Buddy, just look up. Year after year the acceptance rate has been consistent. What part of that is so hard for you to grasp? The math part?

 

What is in it for you to deny so much historical trend as evidence and embrace instead some gloom scenario?

 

Yes, there is so much evidence that acceptance rates will fall off dramatically starting this year. After all, there are two people on the internet saying so, and they can't be wrong; a decade's worth of statistics from UBC be damned. How would it serve me or anyone to "dream" this anyways?

 

Relax dudes, and review the original thread. Someone was worried additional applicants are going to kill his/her chances this year, and I simply pointed out that barring some massive outlier anomaly, this year the acceptance rate will be in line with every previous year of the past decade.

 

This has nothing to do with your theories of political contingencies that drive medical school matriculations.

 

 

You write "[why] deny so much historical trend[?]" The trend is due to (a) a yearly increase in applicants as (B) the medical school has been expanding (with these things occurring at approximately equal rates).
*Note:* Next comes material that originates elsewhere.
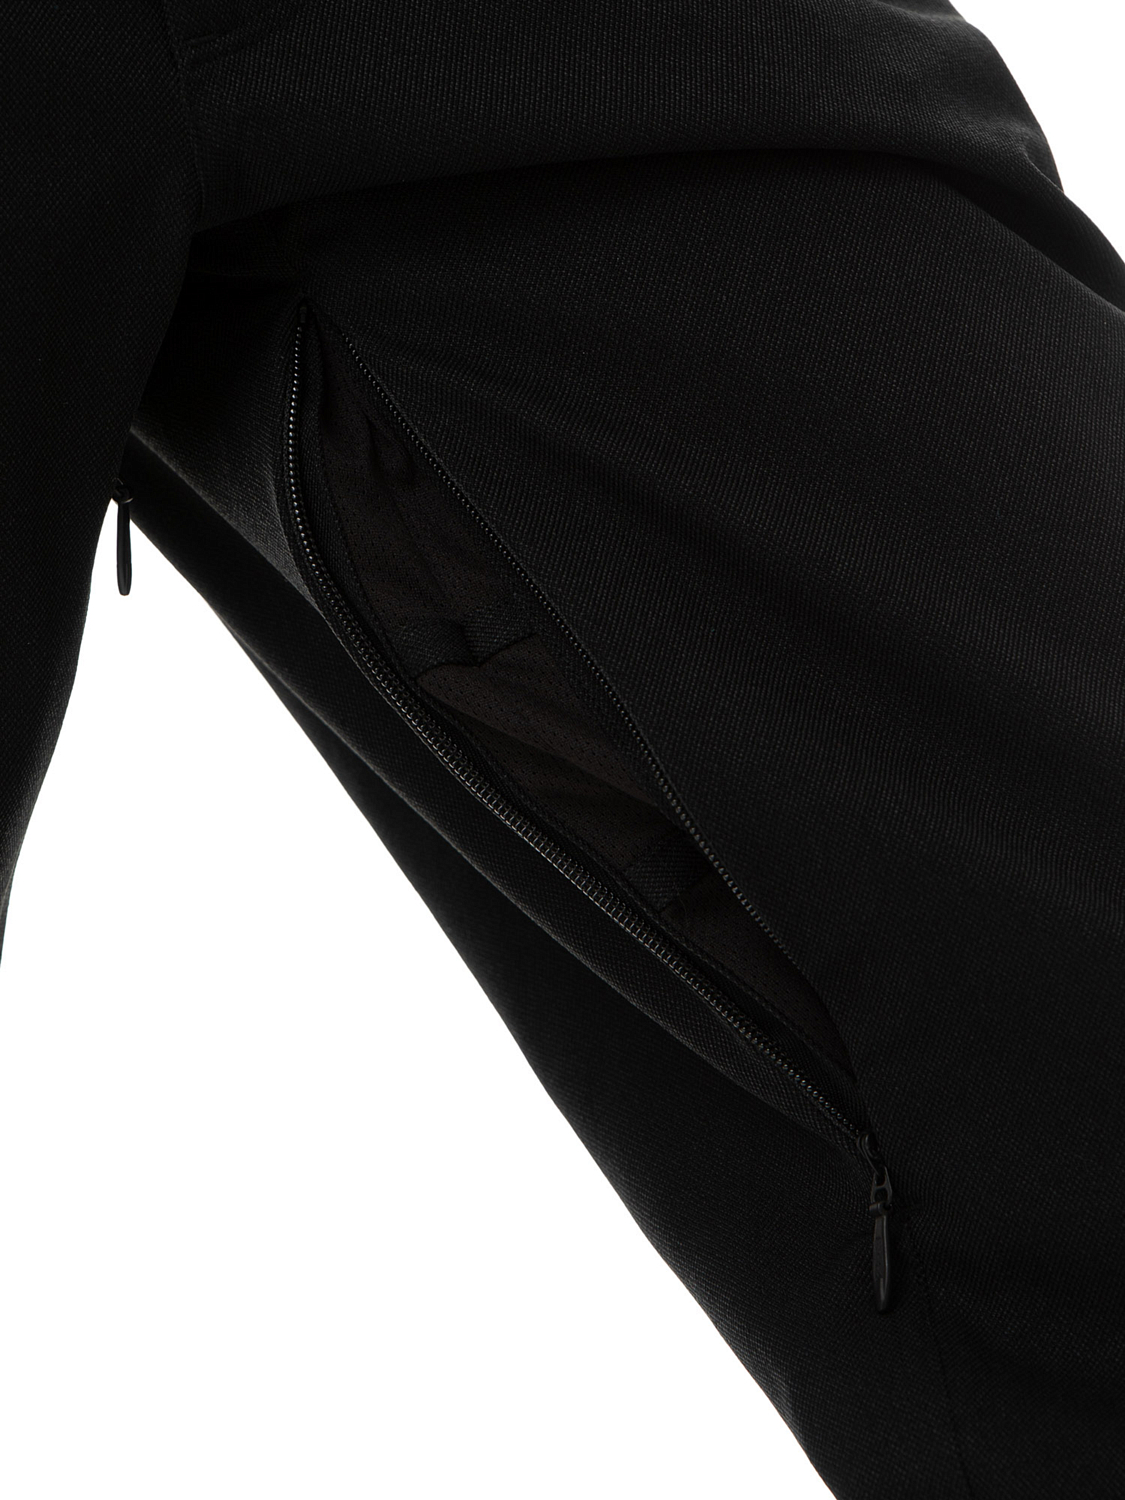 Брюки сноубордические AIRBLASTER High Waisted Trouser Insulated Black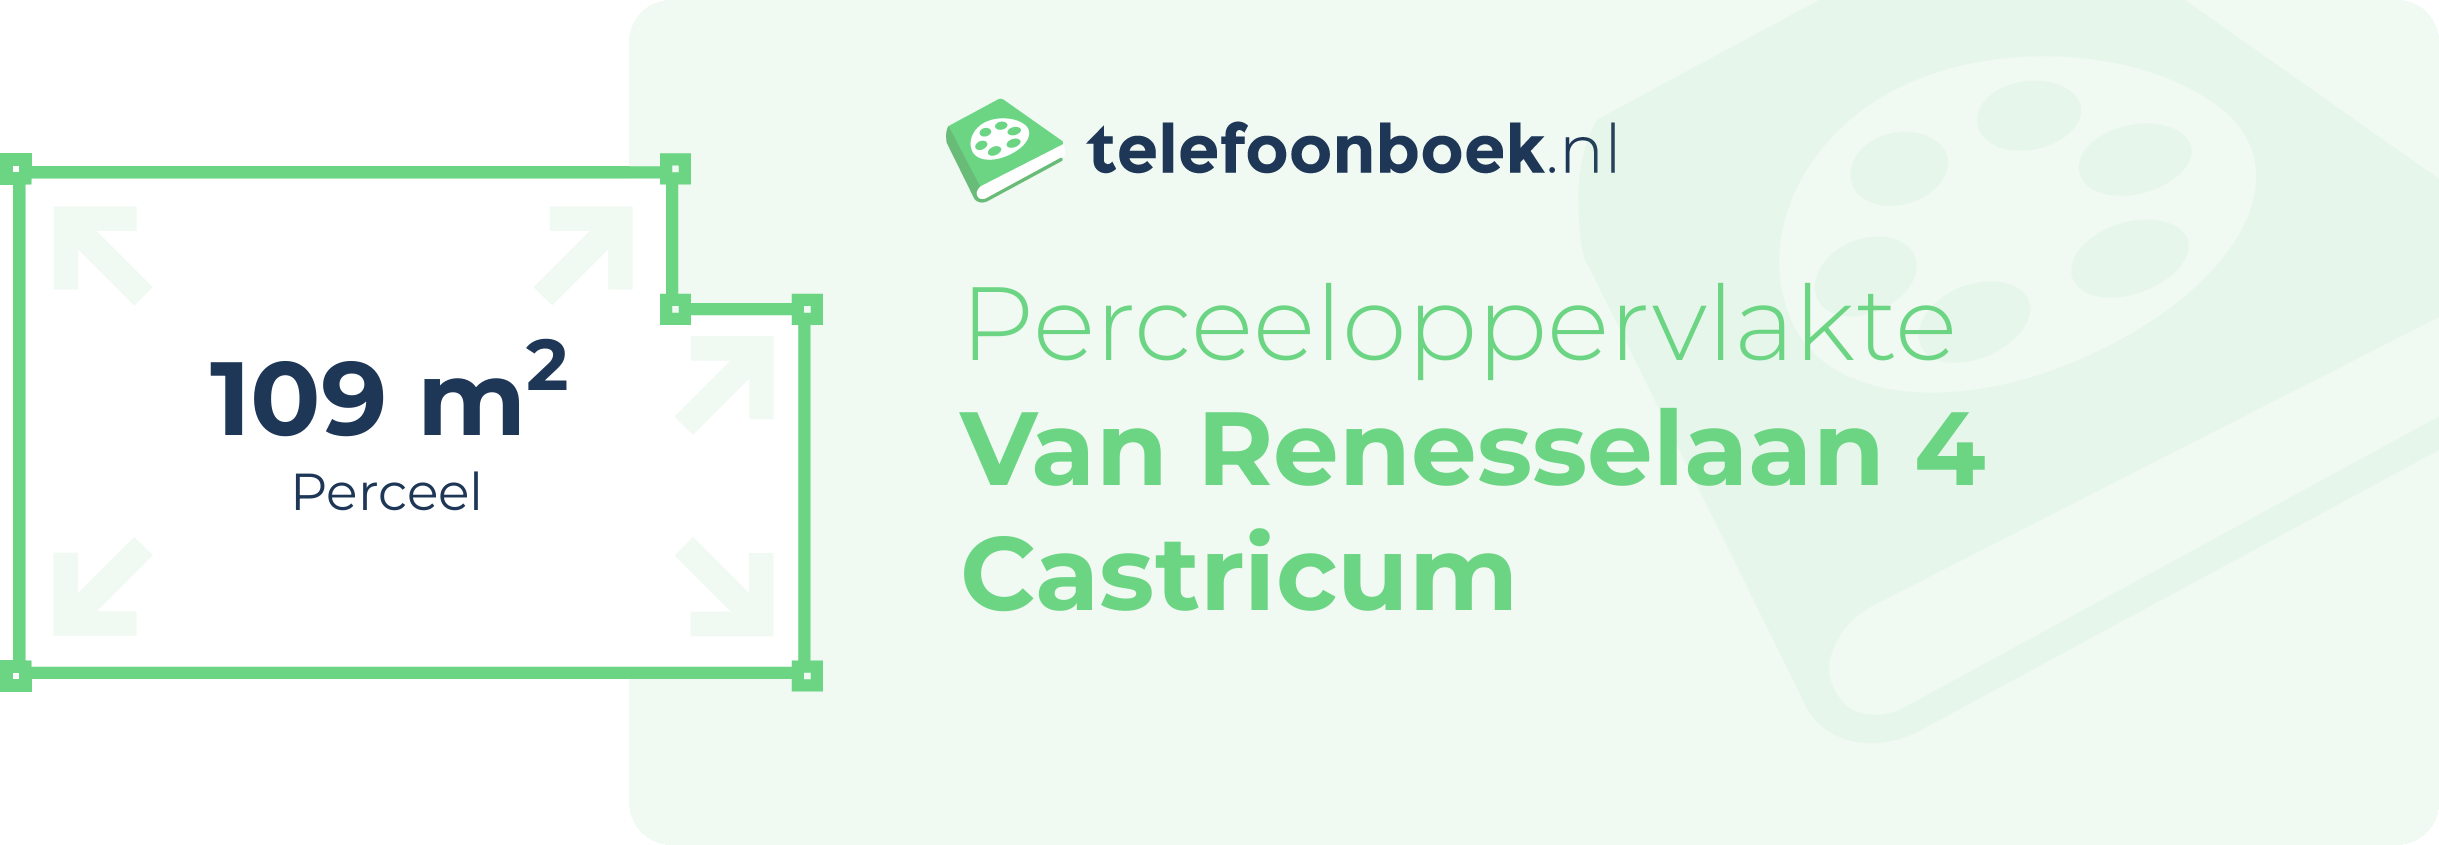 Perceeloppervlakte Van Renesselaan 4 Castricum

The expansion is done, but the increase in applicants may continue. If you go back 20-30 years, there have actually been huge fluctuations in acceptance rates, with the trend being that the number of applicants is generally increasing.

 

The fundamental issue is that well-informed people are talking about the specific nature of the factors that lead to the outcomes that you reference in the statistics, while you are reasoning that because the acceptance rate has been stable for some time that it will continue to remain that way. That is superficial reasoning. We are not making fundamental observations about the natural sciences, but rather a system influenced by changing political and financial factors, so no reasonable expectation of consistency should apply here (otherwise, state reasoning?). The rate may or may not stay the same. But to reason that it will stay the same just because it has been stable for some time does not give due consideration to the factors that determine the rate.

 

I would suggest maybe you should talk to the people who are trying to help you with more respect. Asking people if they "grasp math" makes you look like a moron. If you do get into medical school, hopefully the process will humble you.